About this task
Restate the listing below word for word; no picture is to be carried over.

Collected material

• • • •

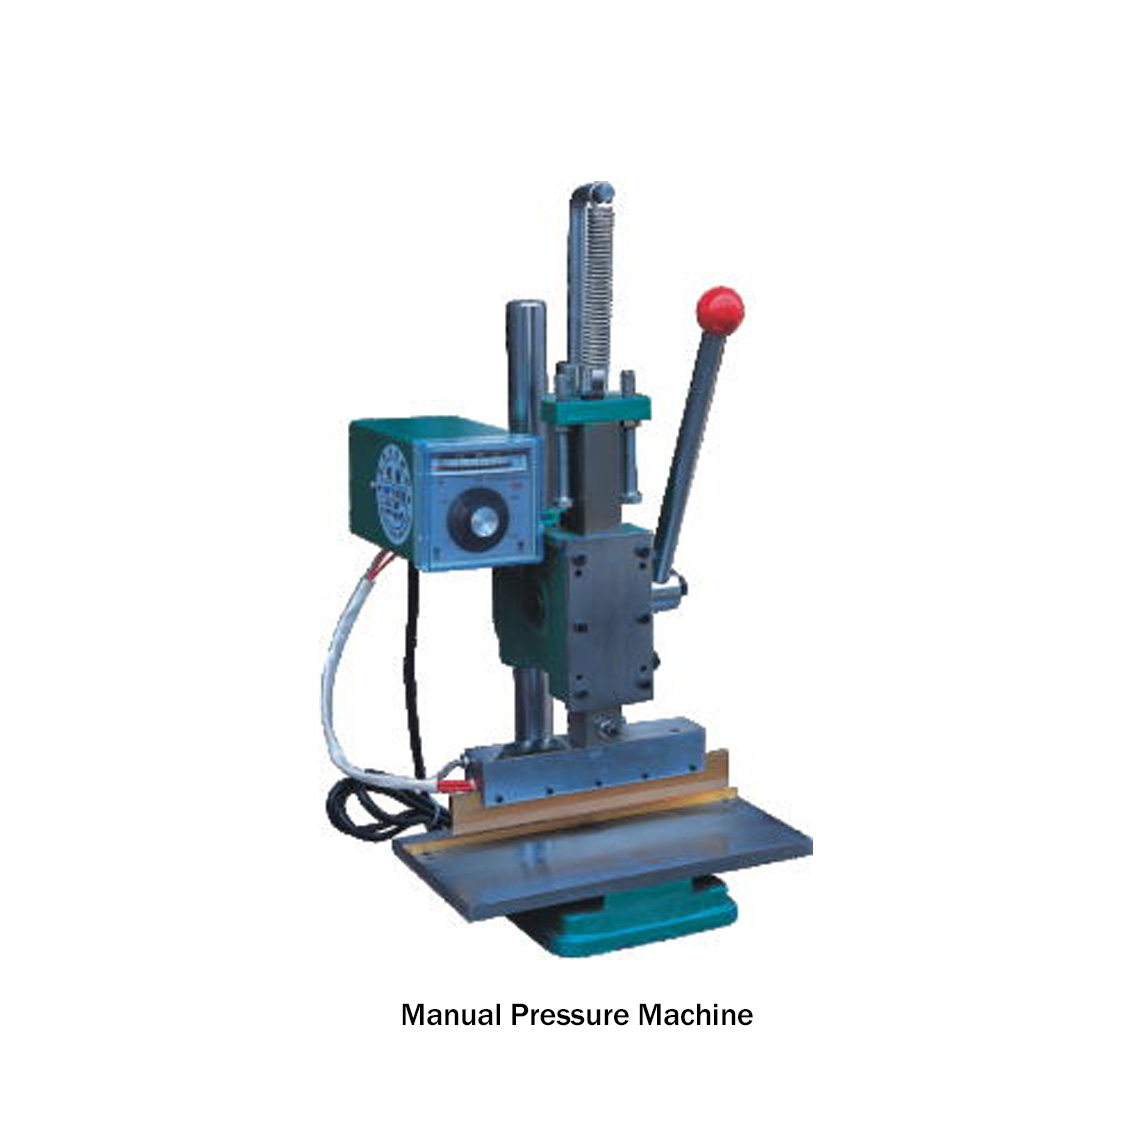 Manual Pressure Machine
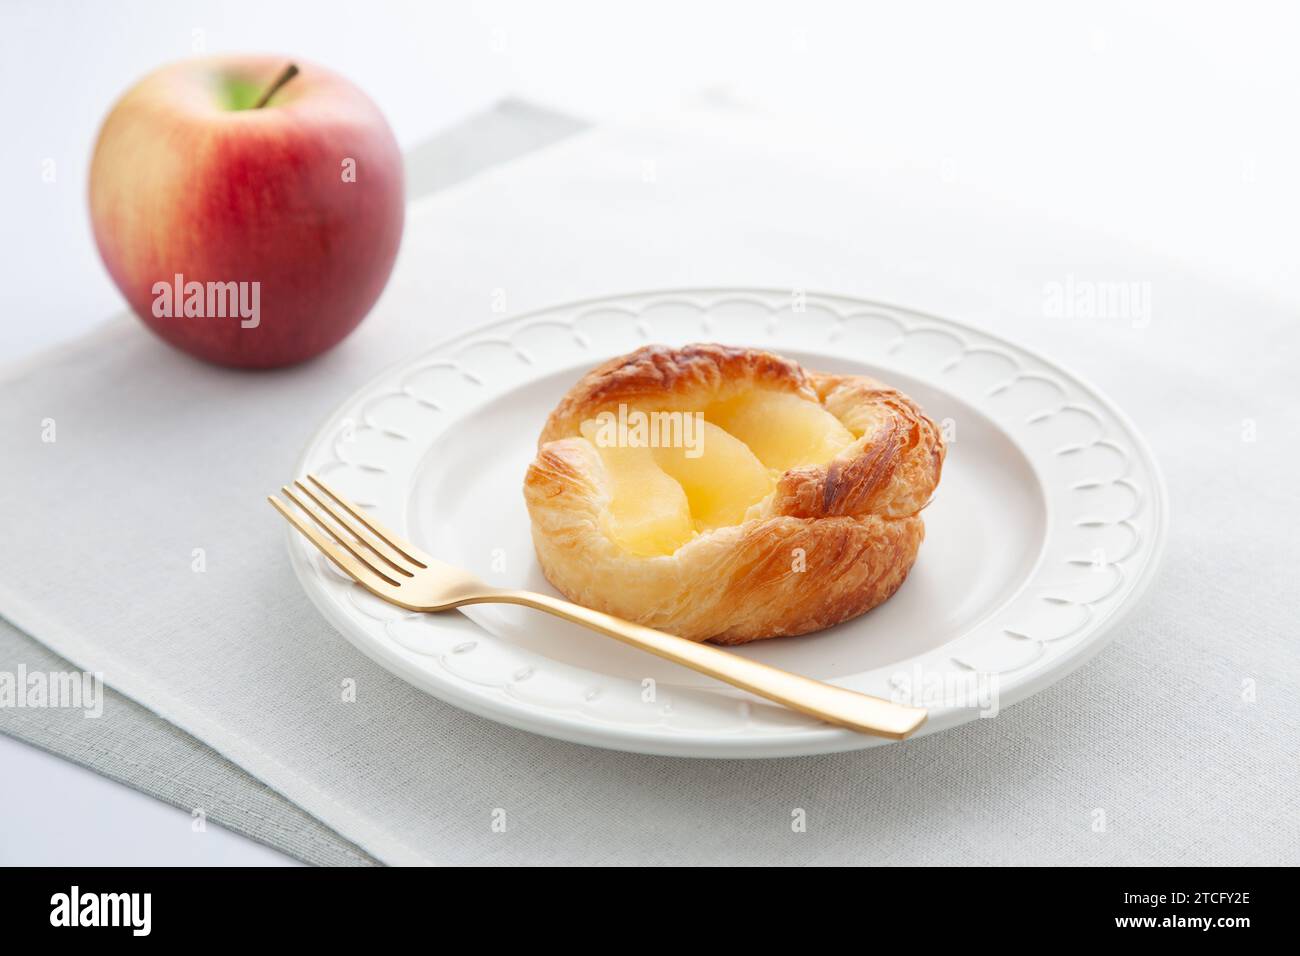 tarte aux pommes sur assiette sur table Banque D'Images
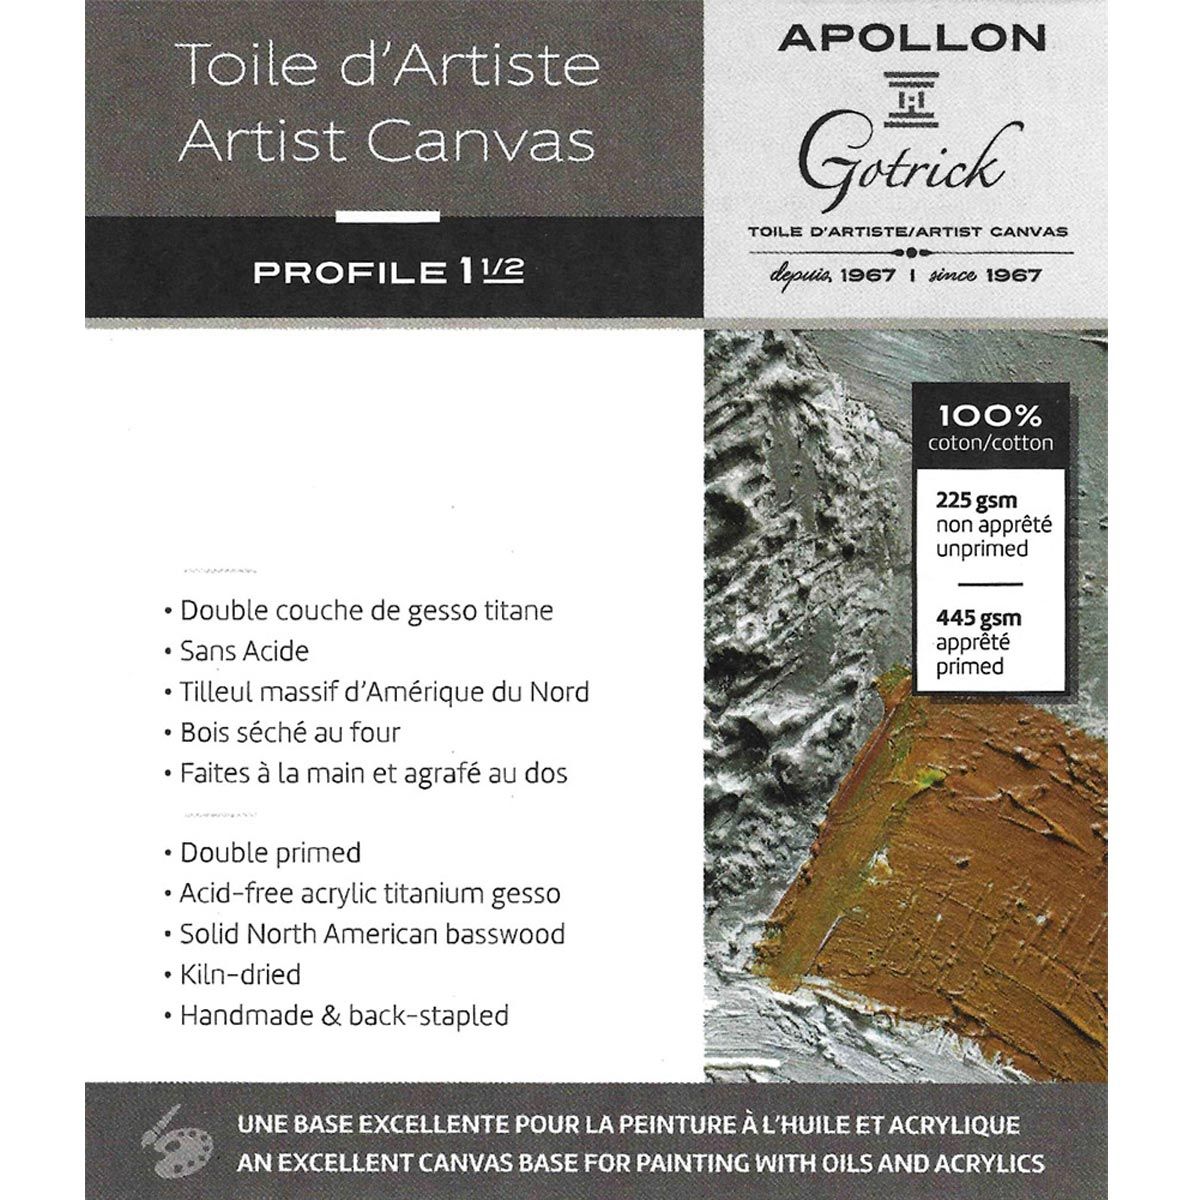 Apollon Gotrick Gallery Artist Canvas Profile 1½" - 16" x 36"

• • • •

Response to the task
 Manual Pressure Machine
 tarte aux pommes sur assiette sur table Banque D'Images
 Apollon Gotrick Gallery Artist Canvas Profile 1½" - 16" x 36"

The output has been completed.